Antiguan administrator

Dwight Cuthbert Revire Gardiner is an Antiguan administrator, lawyer, and diplomat. He serves as the Director and Registrar General of the Antigua and Barbuda Department of Marine Services and Merchant Shipping (ADOMS) and as Antigua and Barbuda's Permanent Representative to the International Maritime Organization (IMO) and the International Seabed Authority (ISA).

== Early life and education ==
Gardiner was born in Parham Town, Saint Peter Parish, Antigua.

Gardiner earned an Associate of Science in Marine Technology and Marine Management in 1987 and a Bachelor of Science in Applied Technology, Marine Technology, and Business Management in 1988 from the Florida Institute of Technology.
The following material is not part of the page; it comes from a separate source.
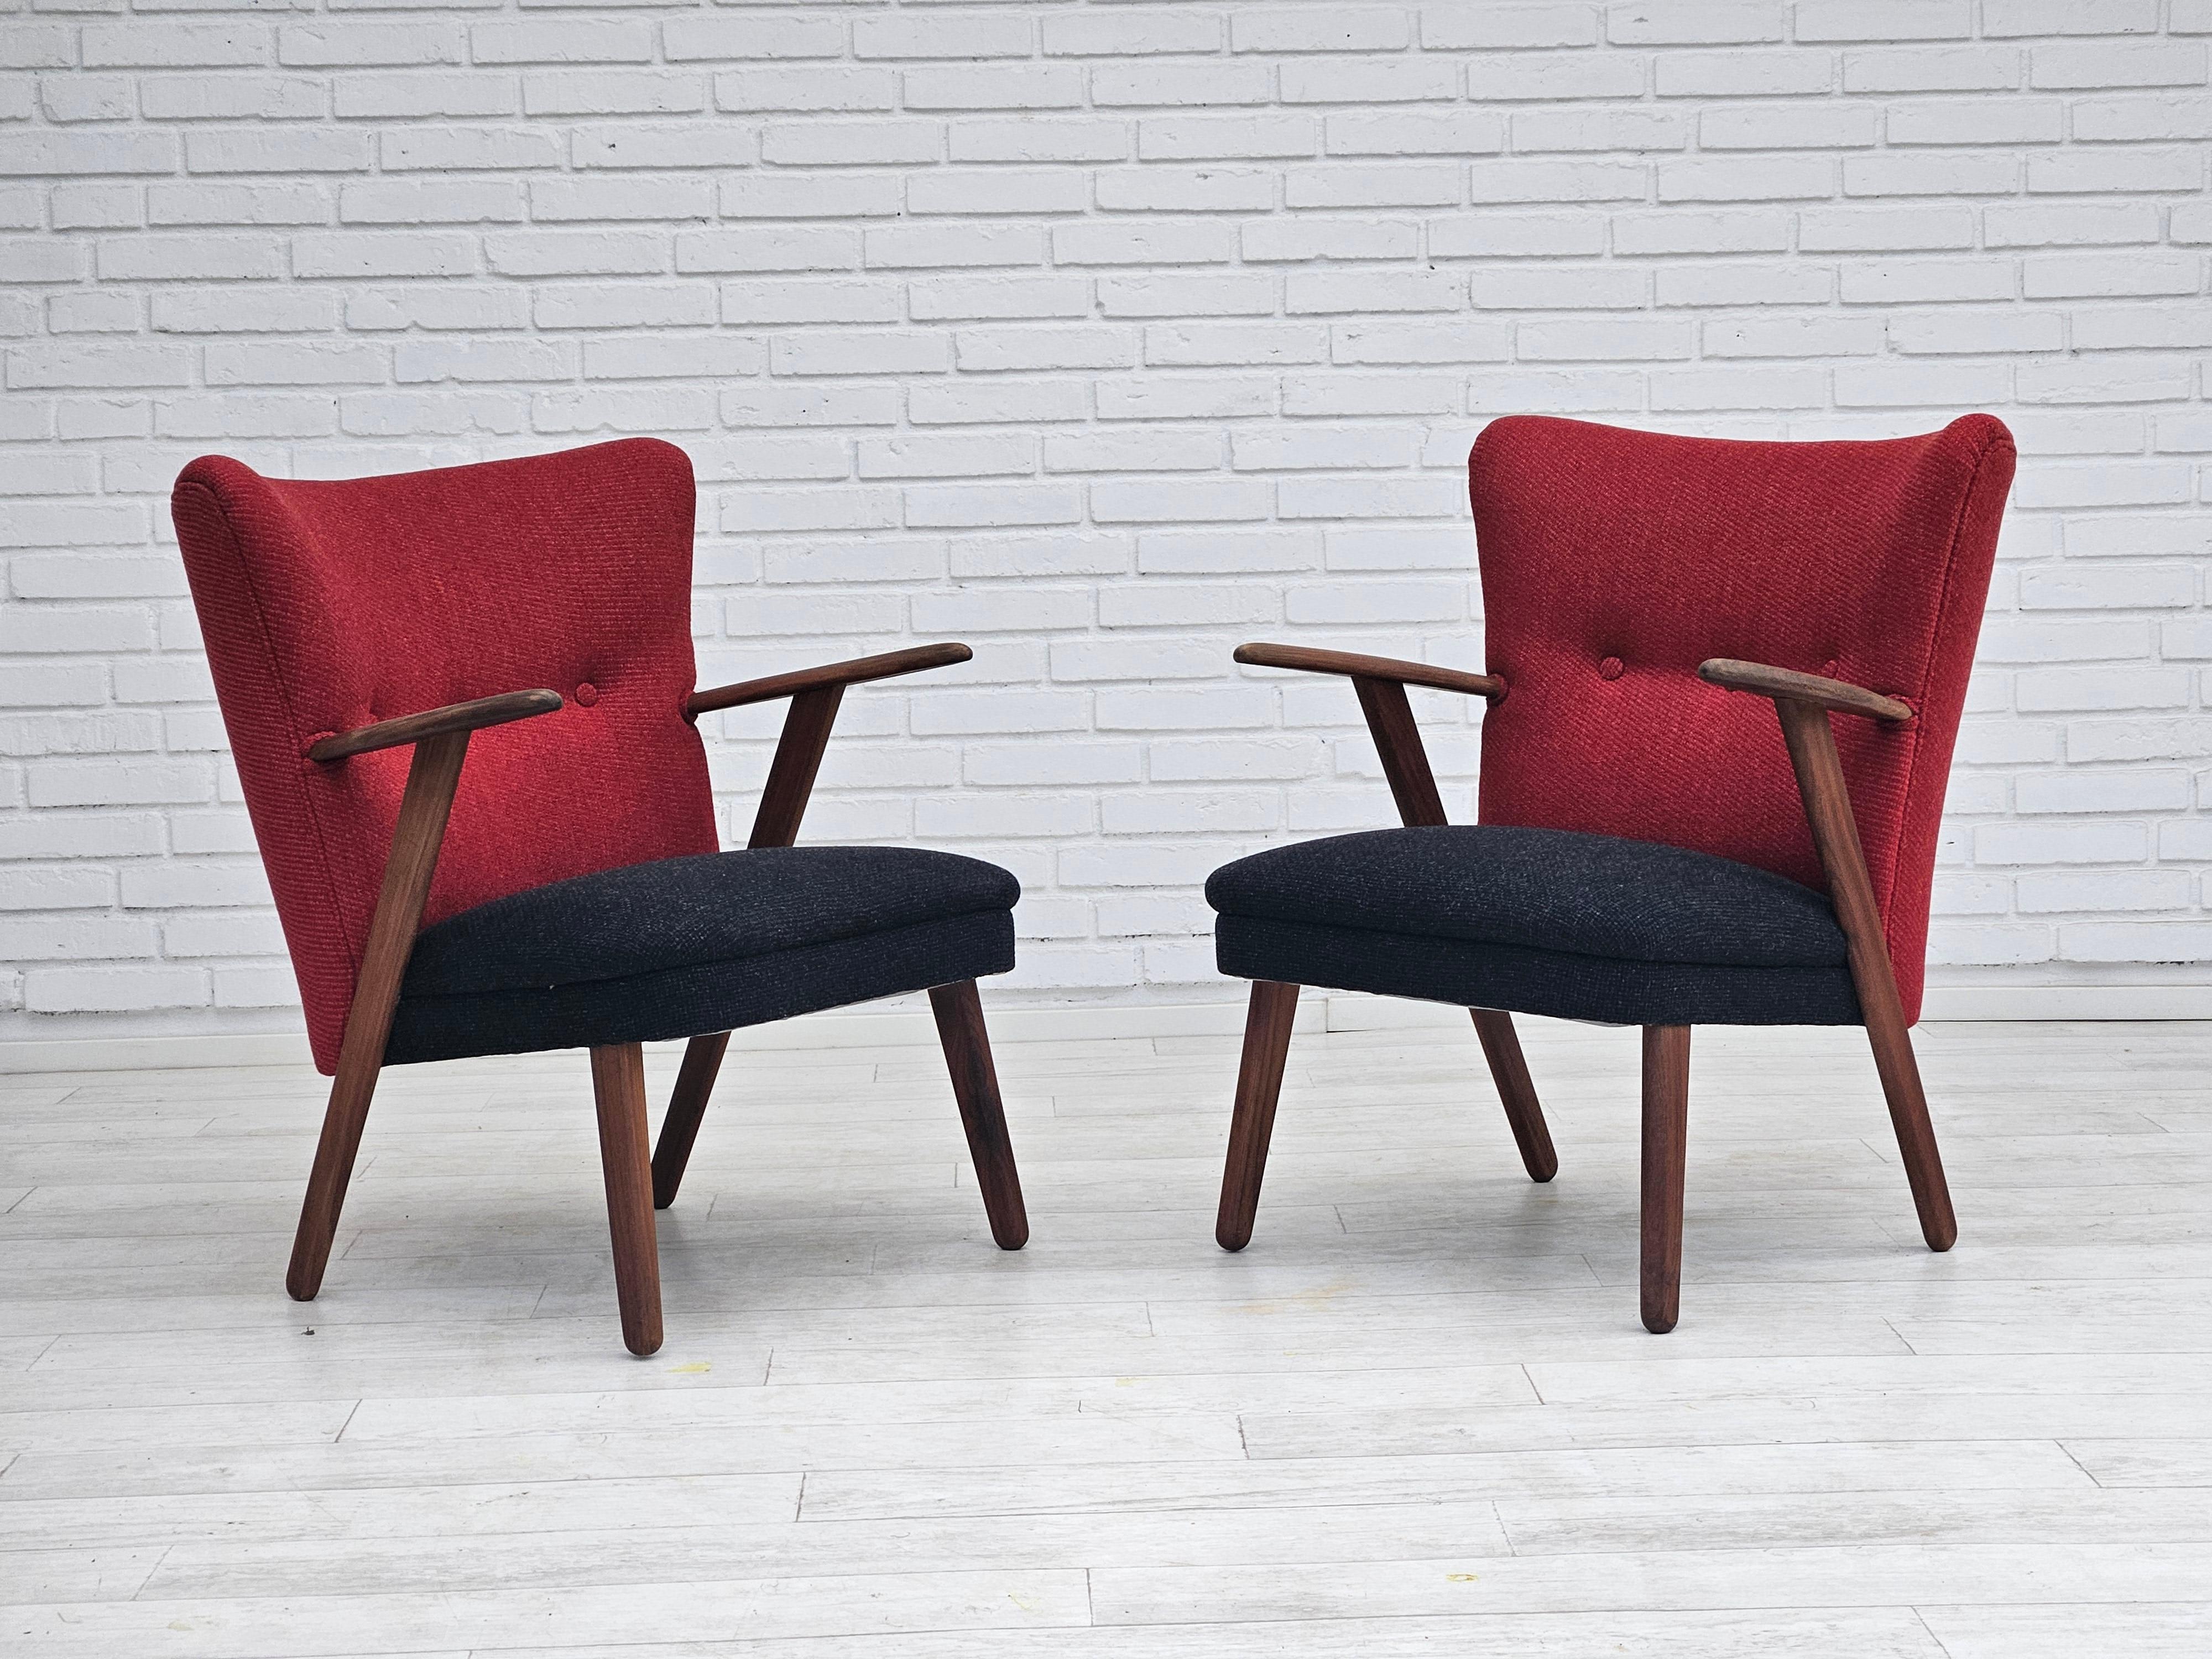 Années 1960, design danois par Erhardsen & Andersen. Fauteuil entièrement rénové et retapissé. Tissu de laine pour meubles en gris anthracite et rouge. Bois de teck renouvelé. Tapisserie d'ameublement neuve. Fabriqué par le fabricant de meubles

He later obtained a Master of Science in Maritime Safety Administration from the World Maritime University in 1990, followed by a Bachelor of Laws from the University of Buckingham (1996) and a Legal Education Certificate from the Hugh Wooding Law School in 1998.

== Career ==
Gardiner began his career with the Antigua and Barbuda Port Authority, serving as an apprentice and junior pilot from 1981 to 1987 before joining the Antigua and Barbuda Department of Marine Services and Merchant Shipping (ADOMS) as a marine inspector. He later served as senior deputy director and registrar of ships (1991–2003), maritime adviser to the government (2004–2009), and has been Director and Registrar General of ADOMS since 2009. During his tenure, he contributed to revisions of Antigua and Barbuda's Merchant Shipping Act and represented the country in negotiating maritime boundary agreements with the United Kingdom and France.

Since 2005, he has served as Antigua and Barbuda's Permanent Representative to the International Maritime Organization (IMO), and since 2015 as its Permanent Representative to the International Seabed Authority (ISA).

He has also held several leadership positions in international maritime organizations, including Chair of the Caribbean Memorandum of Understanding on Port State Control (2009–2018), Chair of the IMSO Advisory Committee (2019–2020), Chair of the IMO Technical Cooperation Committee (since 2023), and President of the 30th Session of the ISA Assembly (2025–2026). Domestically, he has chaired Antigua and Barbuda's National Ocean Governance Committee since 2017, contributing to the country's maritime governance, ocean policy, and implementation of international maritime standards.

He served as president of the Antigua and Barbuda Swimming Federation from 2014 to 2018, president of Parham Football Club from 2004 to 2009, and treasurer of the Antigua and Barbuda Football Association from 2004 to 2008. In 2024, he received an Honorary Doctor of Laws (Honoris Causa) from the Caribbean Maritime University.

== Honors ==
- Honorary Fellow, University of the West Indies at Five Islands (2025).
- Doctor of Laws Honoris Causa, Caribbean Maritime University (2024).
- Officer of the Order of the British Empire (OBE), conferred by Queen Elizabeth II (2017)
- Outstanding Alumnus, World Maritime University (2014).
- Grand Officer of the Most Illustrious Order of Merit (GOM), Government of Antigua and Barbuda (2013).